The investigation into what caused Tuesday night’s deadly Metro-North crash is still in its early stages. But, while the commuter rail has a history of safety issues, Governor Cuomo suggested that the wreck might have simply been a horrible accident. “It’s too early to say if there is anything to learn here,” he told CBS. “If there was an engineer problem, or a train problem or an equipment problem, we’ll learn from it, but sometimes they were just accidents. Sometimes, people get themselves in bad situations.”
“We intend to find out not only what happened, but we want to find out why it happened,” said National Transportation Safety Board vice chairman Robert Sumwalt. The train’s black-box recorders have been recovered, and investigators will also be looking at track-signal recorders, aerial footage, and the wreckage itself. The NTSB’s on-site investigation is expected to take five to seven days, while the full inquiry will conclude in about a year.
Here’s what we know: At around 6:30 p.m., a packed Wassaic-bound train slammed into a Mercedes SUV that had become stuck on a railroad crossing on Valhalla’s Commerce Street, causing a huge explosion. Five passengers were killed, as was the SUV’s driver, and at least 15 others were injured. It was the deadliest incident in the history of the Metro-North.
It seems that the SUV driver, identified as Ellen Brody, got confused and panicked after the crossing’s wooden safety gate came down on her car as the train approached. “It looks like [from] where she stopped she did not want to go on the tracks, but the proximity of the gate to her car, you know, it was dark — maybe she didn’t know she was in front of the gate,” Rick Hope, who said he was directly behind Brody, told WNYW.

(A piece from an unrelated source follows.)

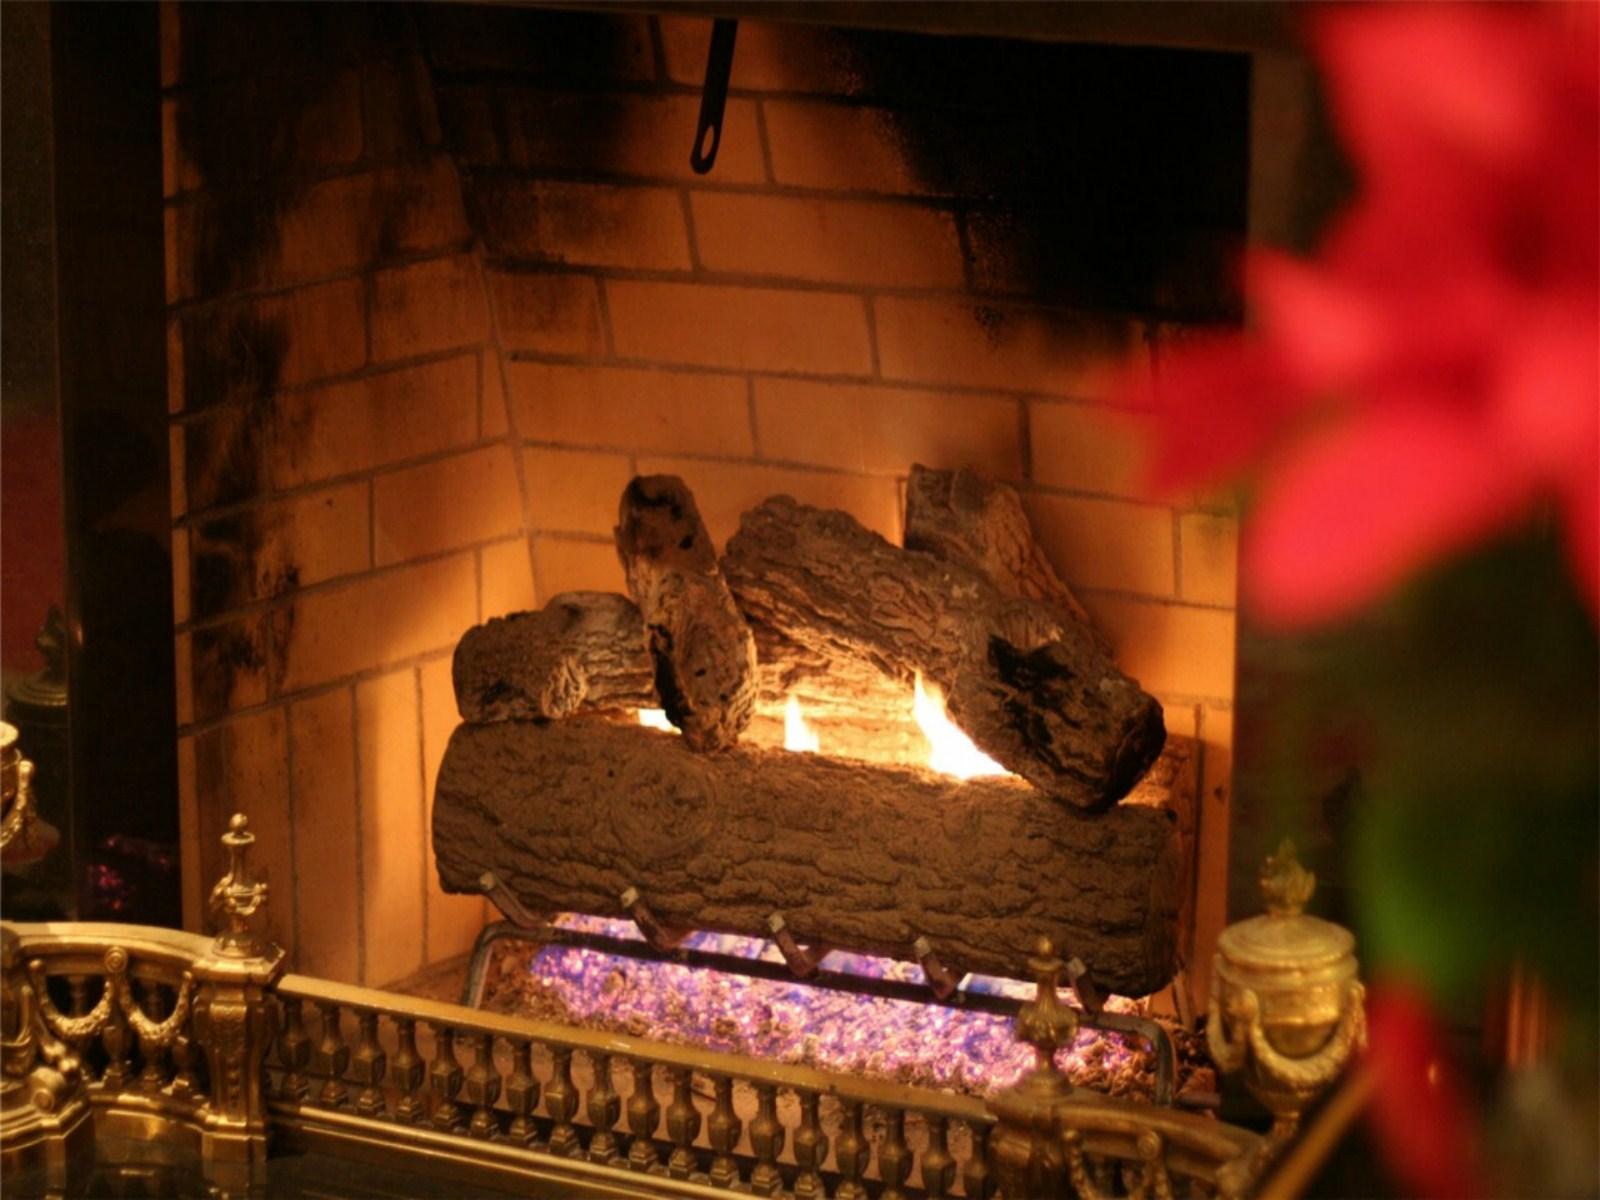 Christmas Fireplace Wallpaper Christmas fireplace desktop 1600x1200

Hope said that Brody then got out of her vehicle. “I said to myself, ‘The clock is ticking here, the gate is down, the bells are ringing — what are you going to do here?’ She looked a little confused, gets back in the car, and pulls forward,” he explained. According to the New York Times, the woman “was outside her car frantically waving at the train to stop at the time of the crash.”
“That SUV was right in the middle of the track and was hit directly in the middle of the car by the train,” Cuomo said. From the Associated Press:
Authorities said the impact of Tuesday’s crash was so powerful the electrified third rail came up and pierced the train, and Cuomo said the SUV’s gas tank apparently exploded, starting a fire that consumed the SUV and the train’s first car, which was left blackened and mangled, its roof twisted sideways. The SUV, pushed about 400 feet, looked as though it was stuck on the front of the train.
Anthony Bottalico, the chairman of a Metro-North union, told the Times that the operator hit the emergency brakes as soon as he noticed the Mercedes. “He did everything he was supposed to do,” Bottalico said. “He hung in there as long as he could” before becoming overcome by smoke. He survived, but remains hospitalized.
The train’s first car filled with smoke and fire, and “people started falling over each other” to escape, passenger Chris Gross told Good Morning America. “It’s life or death at this point,” he said, recalling how a man with burned hands managed to open an emergency exit. Meanwhile, it took people seated farther away from the impact some time to realize that there was a serious problem, and many calmly filed out of the back. When the smell of gas reached them, they began wrestling with the emergency windows. One passenger, Elizabeth Bordiga, told the AP that she and the people around her were unable to escape until firefighters arrived to open a door.
Of those who didn’t make it out, Westchester County executive Rob Astorino said that “all but one of the bodies was charred beyond recognition.” While the medical examiner is fairly sure of who they are, official identification will take a little while.